Abstract
A 41-year-old obese male presented with rapid weight gain (7kg in one week) associated with bilateral oedema to the knees. He had nephrotic range proteinuria of 9 grams per day with impaired kidney function, serum creatinine 176umol/L. He was diagnosed with Type II Diabetes Mellitus (HbA1C 12.1%) and renal biopsy confirmed class III diabetic nephropathy with nodular glomeurlosclerosis.
Introduction
The incidence and prevalence of diabetes mellitus have grown significantly throughout the world, primarily due to the increasing prevalence of Type II Diabetes Mellitus [1]. This increase in the number of people developing diabetes has had a major impact on the development of diabetic kidney disease (DKD).

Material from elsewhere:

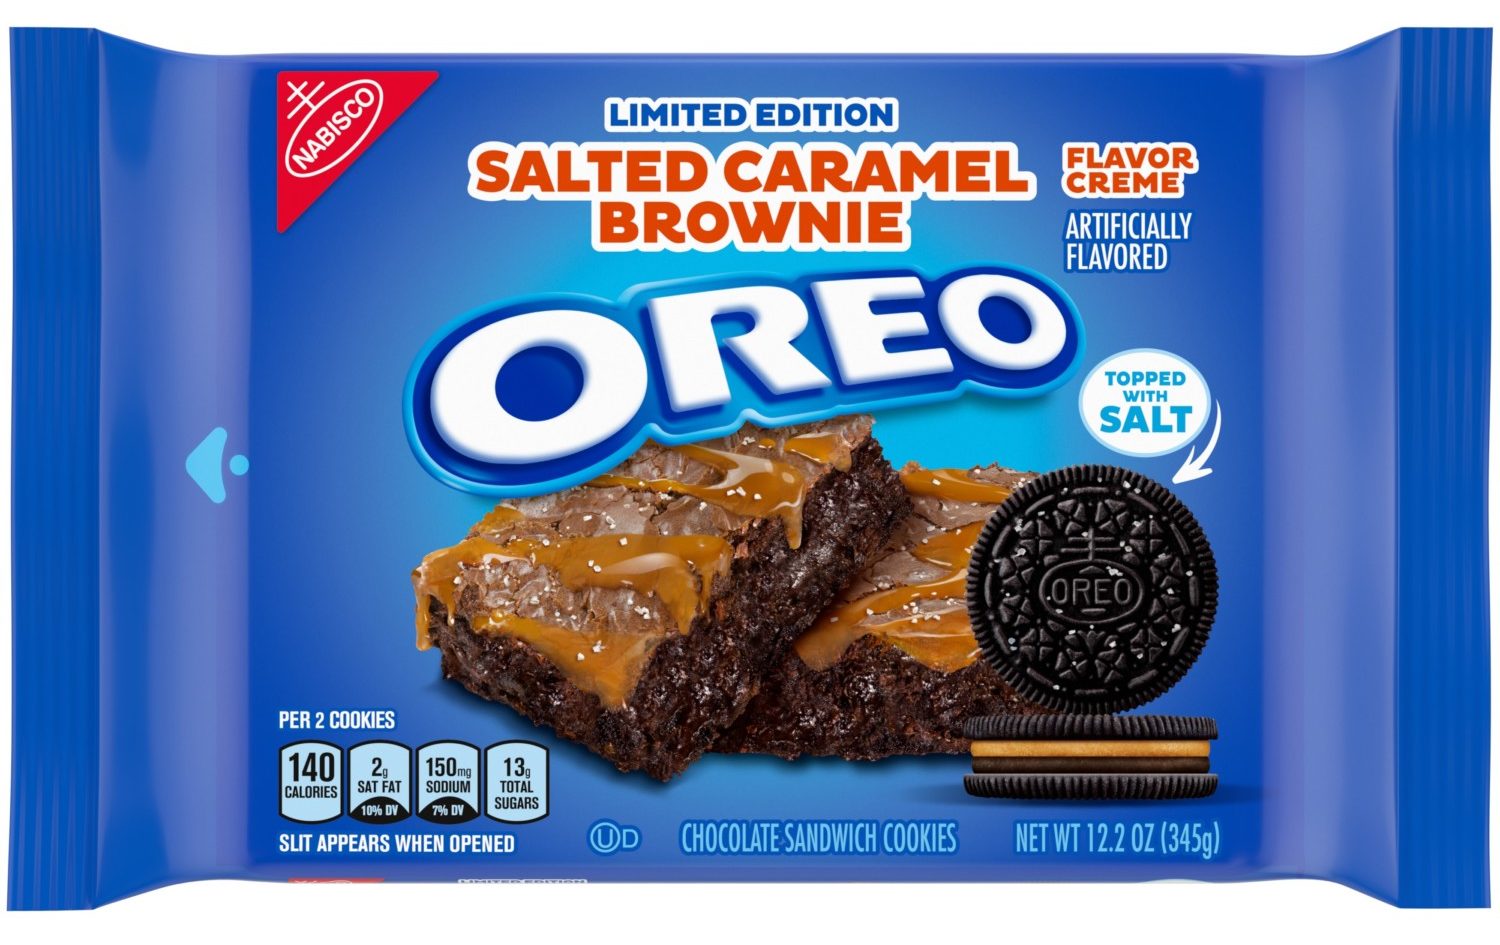 New Oreo Salted Caramel Brownie Cookie Is Actually Topped With Salt

Although kidney disease attributable to diabetes is referred to as DKD, diabetes and various kidney diseases are common chronic conditions. Thus, people with diabetes may have other aetiologies of chronic kidney disease (CKD) in addition to diabetes. Notably, DKD remains one of the most frequent complications of both types of diabetes, and diabetes is the leading cause of end-stage kidney disease (ESKD), accounting for approximately 50% of cases in the developed world (Figure 1).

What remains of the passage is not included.